Remco Eissing

Service Health alert at scale

When we run our solution in Azure there will always be a time where there is an incident or maintenance event. As we are responsible for hosting our solutions we should get updates on these events so that we can take the right actions. One way that Azure provides these kind of notifications is through the use of Service Health. I quite regularly run into workloads that haven’t yet set this up and then experience challenges because they miss the events that have been published. This can of course be configured manually, but this will have to be done per subscription or resource group and thus it can be easy to miss.

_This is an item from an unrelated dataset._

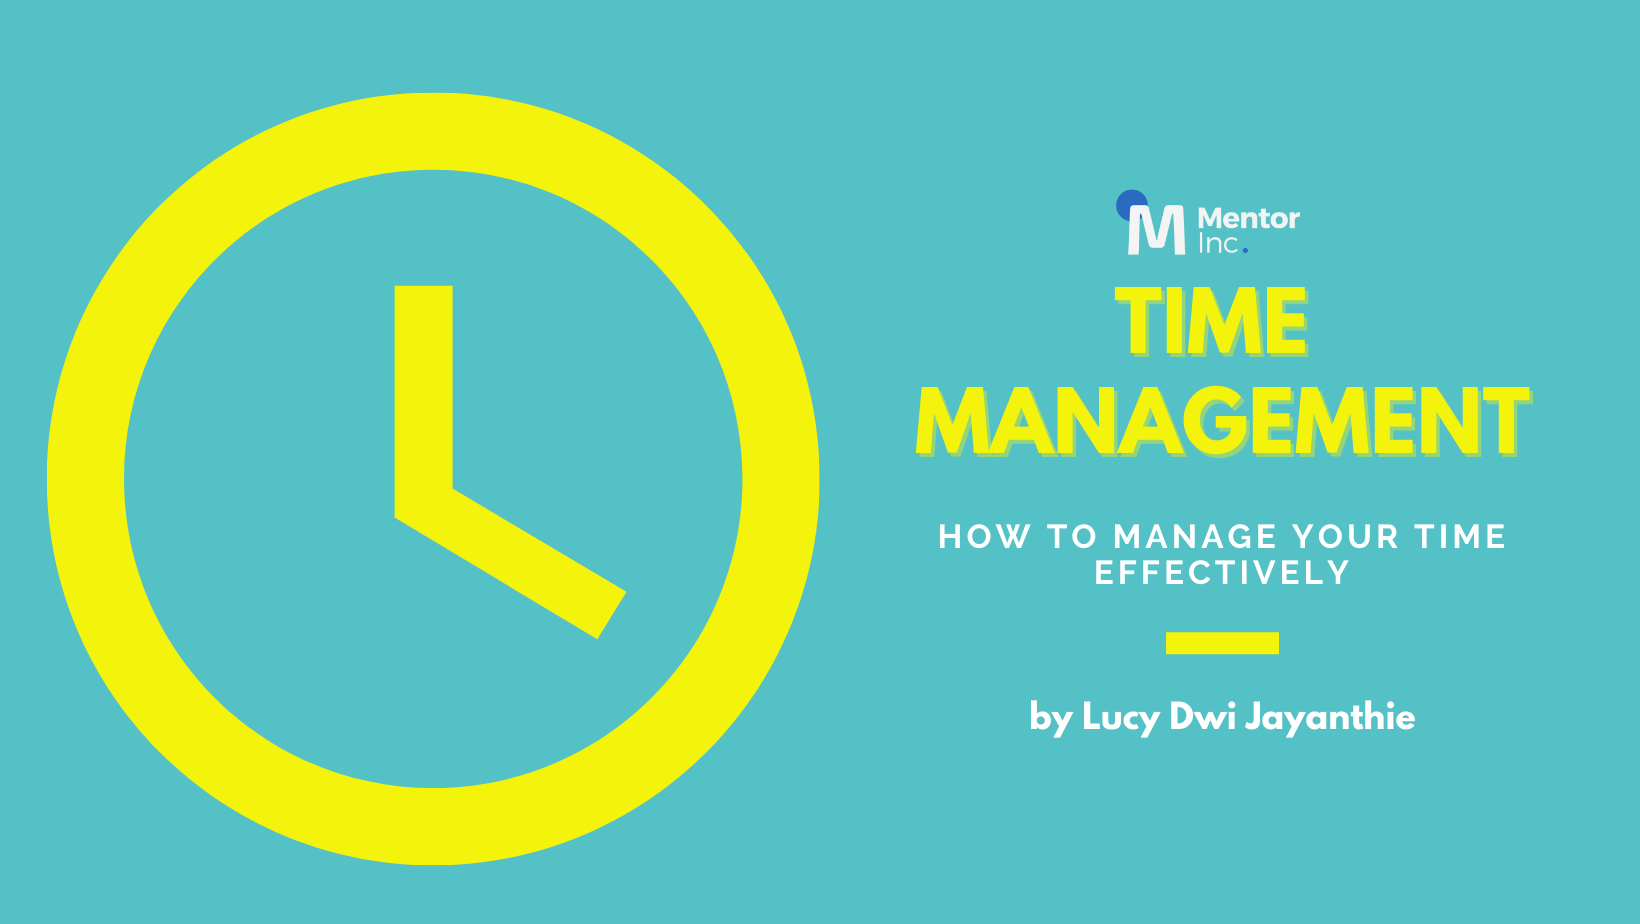 Time Management - How To Manage Your Time Effectively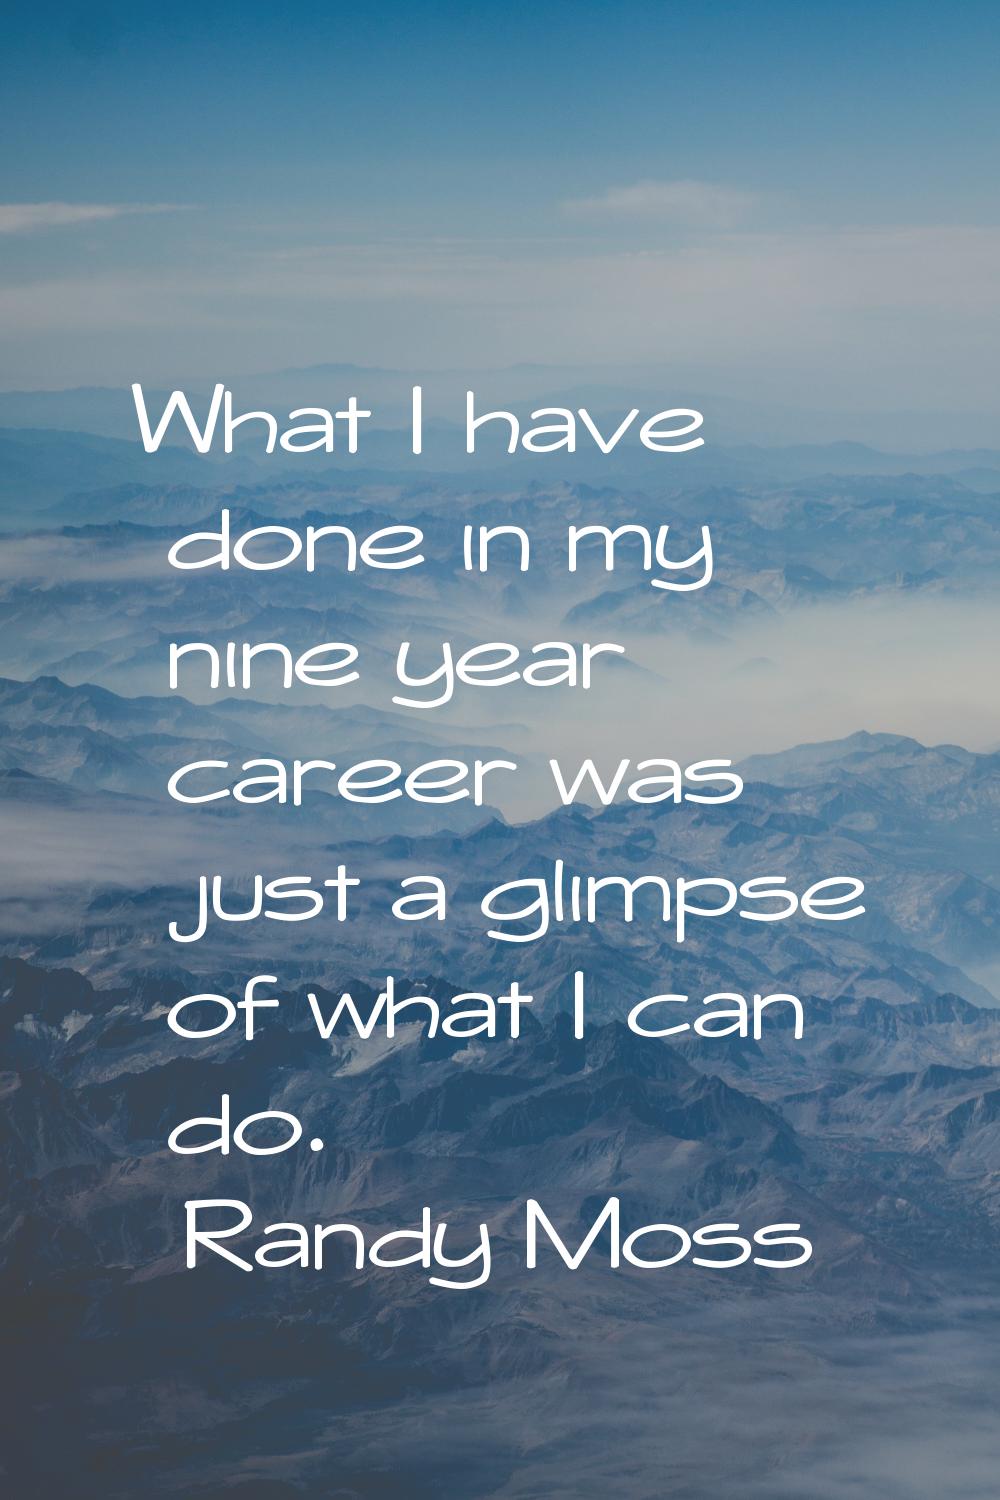 What I have done in my nine year career was just a glimpse of what I can do.

How to deploy this at scale?

The obvious answer for this is typically Azure Policies. They can stay around and as new subscriptions get added to the environment they will configure Service Health alerts as well. Luckily the Azure Community Policy already contains Deploy Service Health Alerts and corresponding Action Group to notify of Service Health Incidents. When we enable this policy it will create an Action Group per subscription and setup Service Health alerts attached to it.

How to set unique receivers per subscription?

One of the challenges with the current policy is that you can assign it on a management group level and it will configure the same e-mail receivers for all subscriptions. In many organizations different subscriptions have different technical owners or engineers that are responsible for this. One way many of them already do this is by setting a tag on each subscription with this information. So how can we leverage this. If we look at the current policy it has a parameter emailAddress, within the deployment part of the policy definition this is used like this:

"emailAddress": {
    "value": "[parameters('emailAddress')]"
}

As we have set a tag TechnicalContact at the subscription level we could leverage this by altering this block to this:

"emailAddress": {
    "value": "[subscription().tags['TechnicalContact']]"
}

Once this policy gets remediated the service health alerts will be sent to the technical contact.

Conclusion

Setting up service health alerts is important to ensure workload teams don’t miss out on important service issue, maintenance events etc.. Missing these could result in very short and difficult planning for these events, or time spent troubleshooting an issue. So many reasons to ensure that this gets configured at scale, which can easily be done with an Azure Policy as shown in this post.